Панин знал себе цену и понимал, что его имя навсегда вписано в историю войны с Турцией. Это понимание давало некоторое успокоение, ласкало честолюбие, и он, сбросив груз неопределённости и ожидания, стал приводить в порядок татарские дела. Тем более что в них за последние недели появились трудности.

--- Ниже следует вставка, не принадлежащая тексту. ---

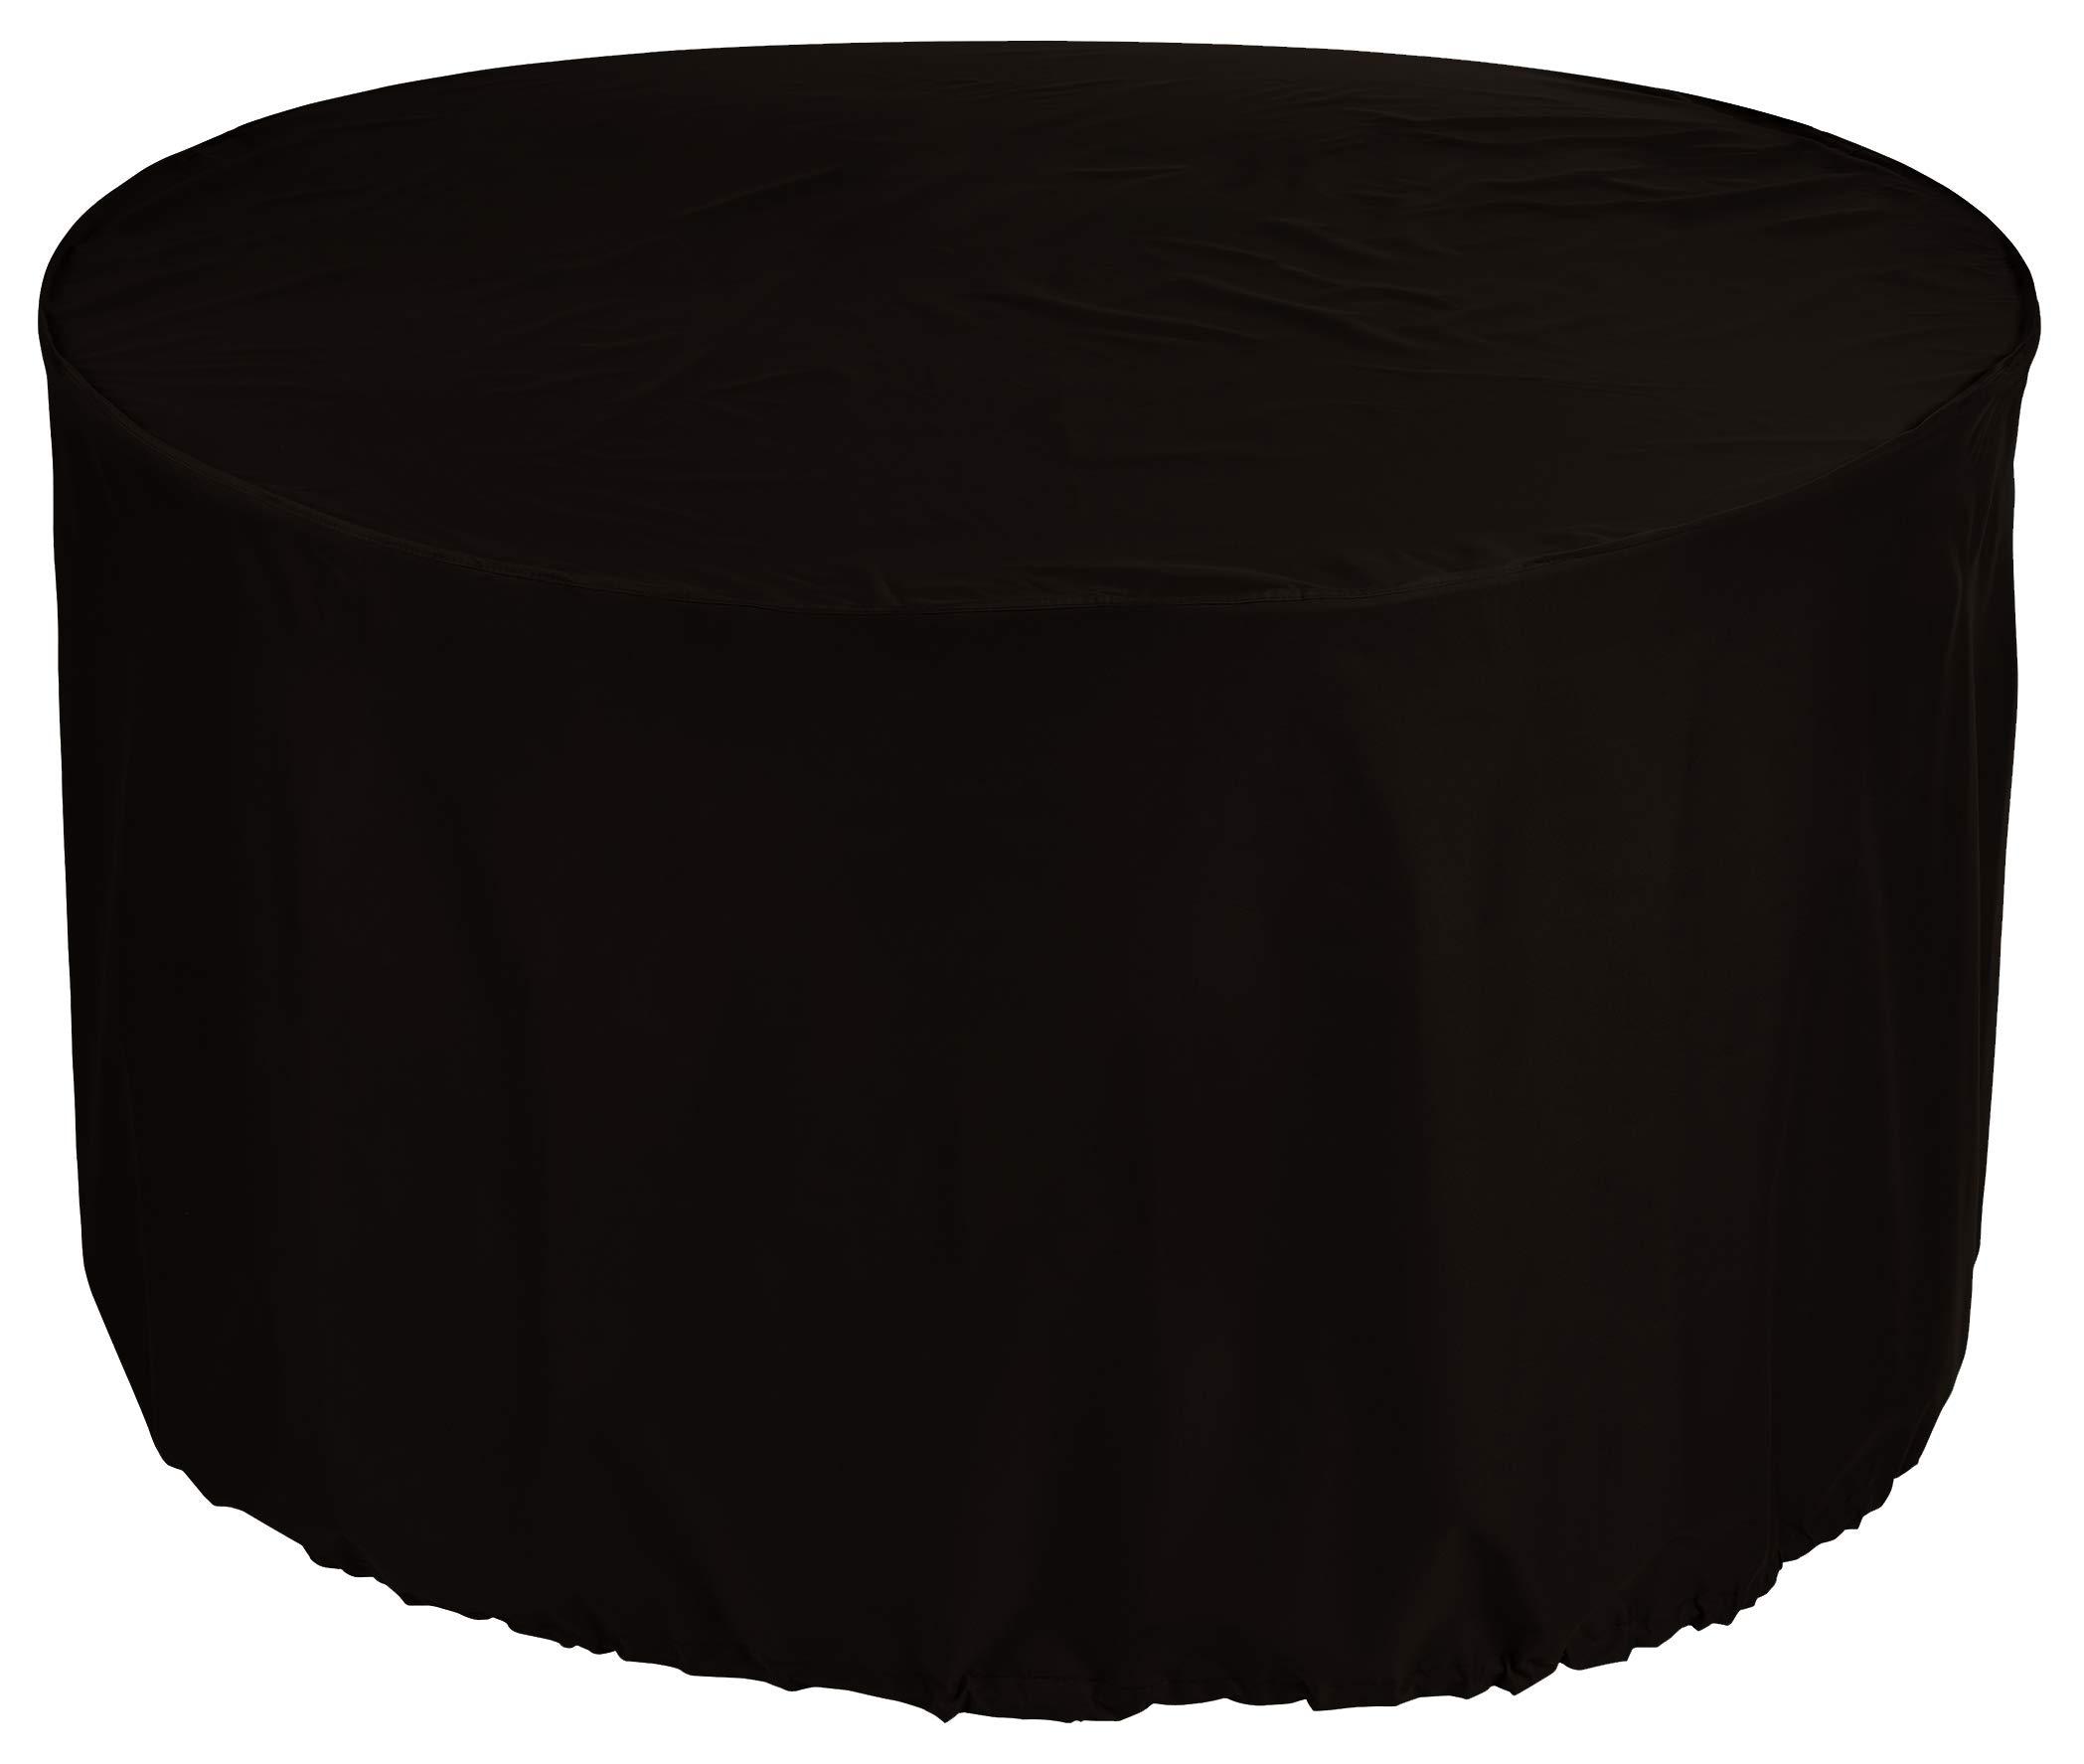 KaufPirat Premium Fundas para Mesa Redonda Ø 140x80 cm Cubierta Impermeable Funda para Mesa para Mobiliario de Exterior, Oxford Fundas para Proteger Muebles de Jardín Negro: Amazon.es: Jardín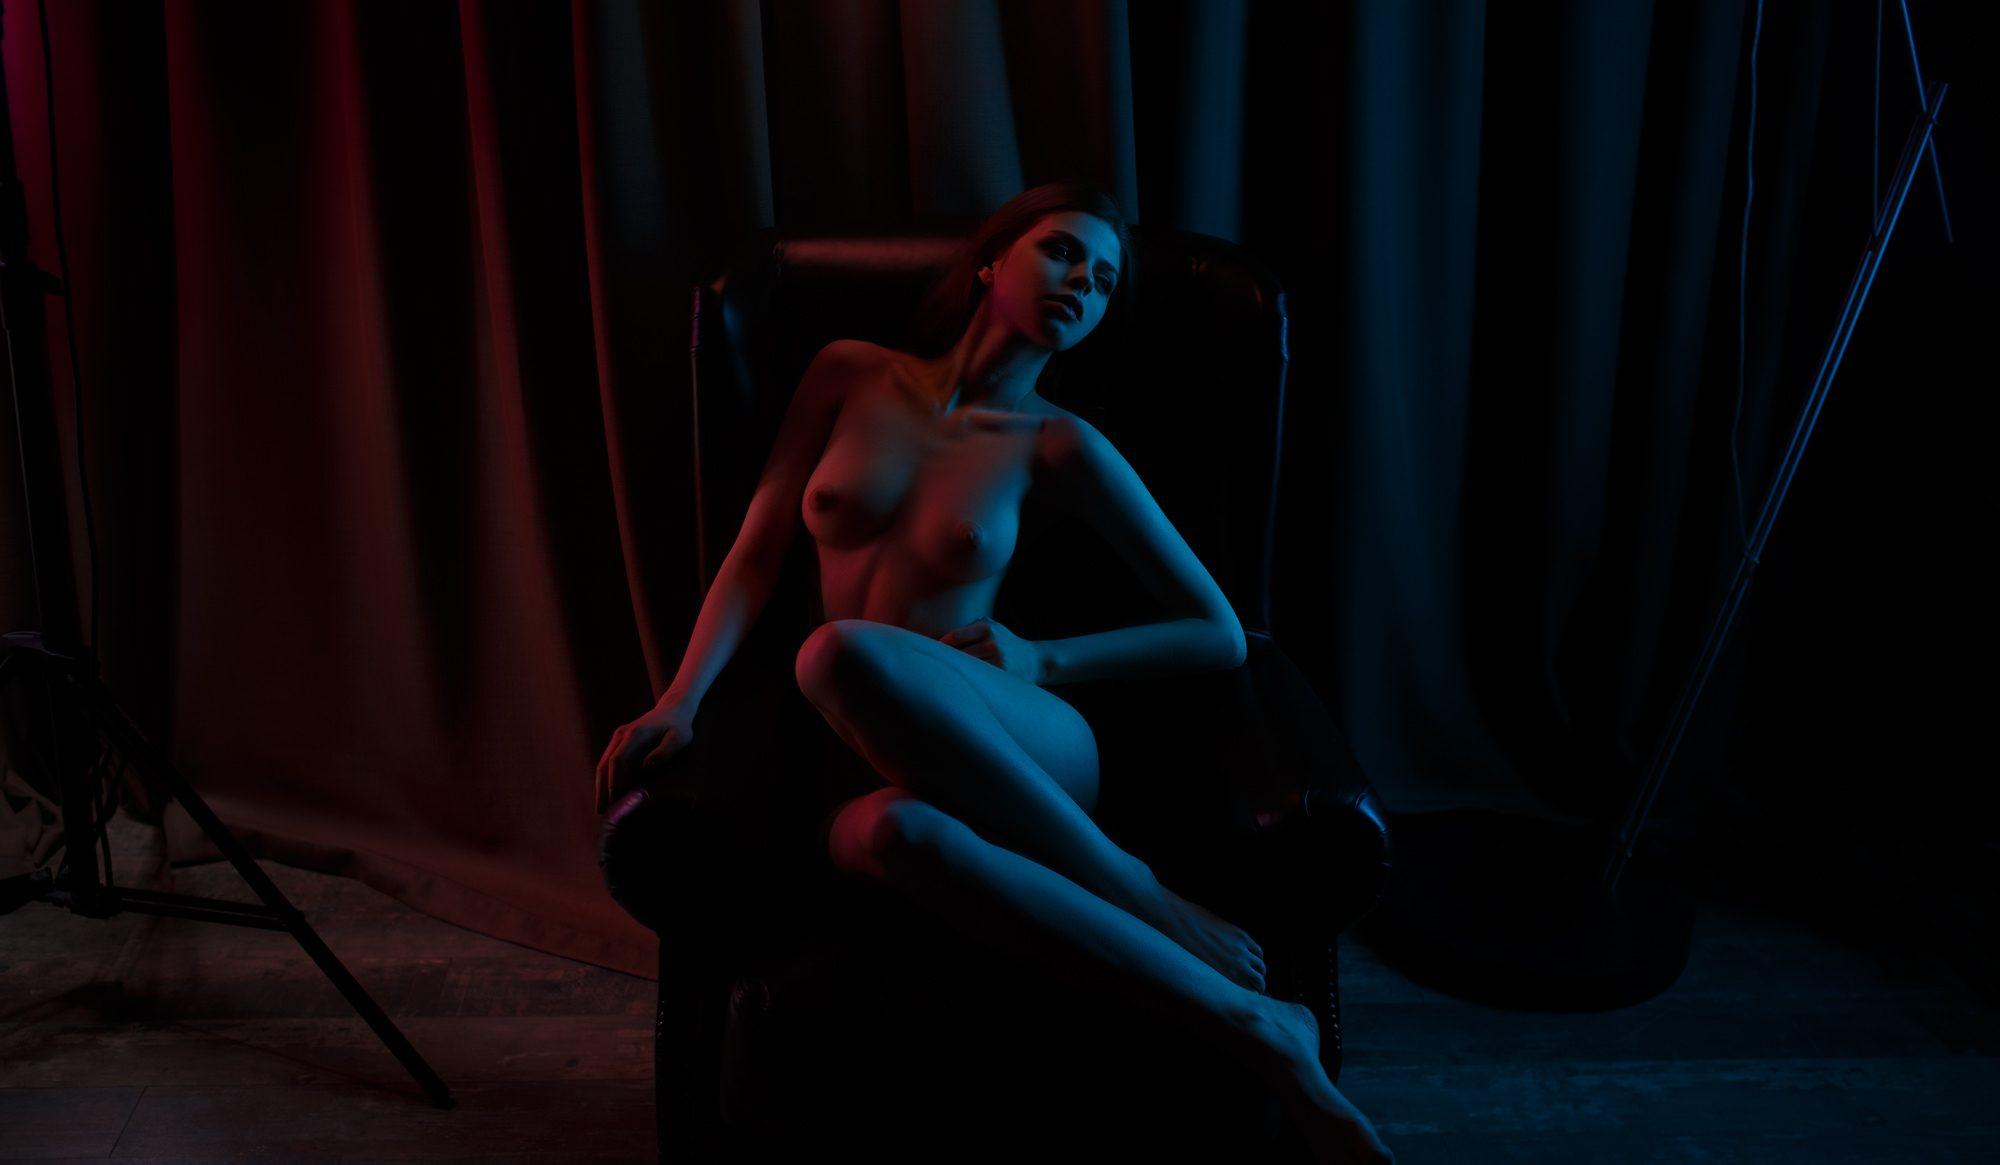 Veronika by Anton Demin 1

Подойдя в начале ноября к Днепру, Буджакская и Едисанская орды несколько дней стояли на берегу, ожидая помощи от запорожцев. Но те, несмотря на запрещение требовать от ногайцев плату за провоз, не слушая своих старшин, заломили бешеные цены: за каждую лодку – в день по одной корове; да ещё с каждой кибитки и за скотину – отдельная плата (овцы, лошади, деньги – кто как хотел).
Ногайцы на таких условиях переправляться отказались. Этим воспользовались безлодочные казаки, решившие поживиться на даровщину – тёмными ночами они стали грабить ордынцев. Повсюду то и дело вспыхивали кровавые стычки.
Мурзы отправили жалобу Веселицкому, но, боясь крепчавших с каждым днём заморозков, уступили домогательствам казаков.
Переправа была трудной: сильное течение и резкий, порывистый ветер крутили лодки в бурных водоворотах. Перегруженные судёнышки, старые, плохо осмолённые, не выдерживали – давали течи, тонули одно за другим. За несколько дней на дно Днепра ушли три десятка лодок, что позволило сметливым казакам ещё более взвинтить плату. А те, кто понёс ущерб, потребовали от орд возместить убытки.
Прижимистый Джан-Мамбет-бей пять дней стоял на берегу, ожидая ответа Веселицкого, а когда всё же решил переправляться, казаки не только взяли с него солидную плату, но и разграбили одну из кибиток, уведя при этом трёх девок, купленных беем ещё после набега 1769 года...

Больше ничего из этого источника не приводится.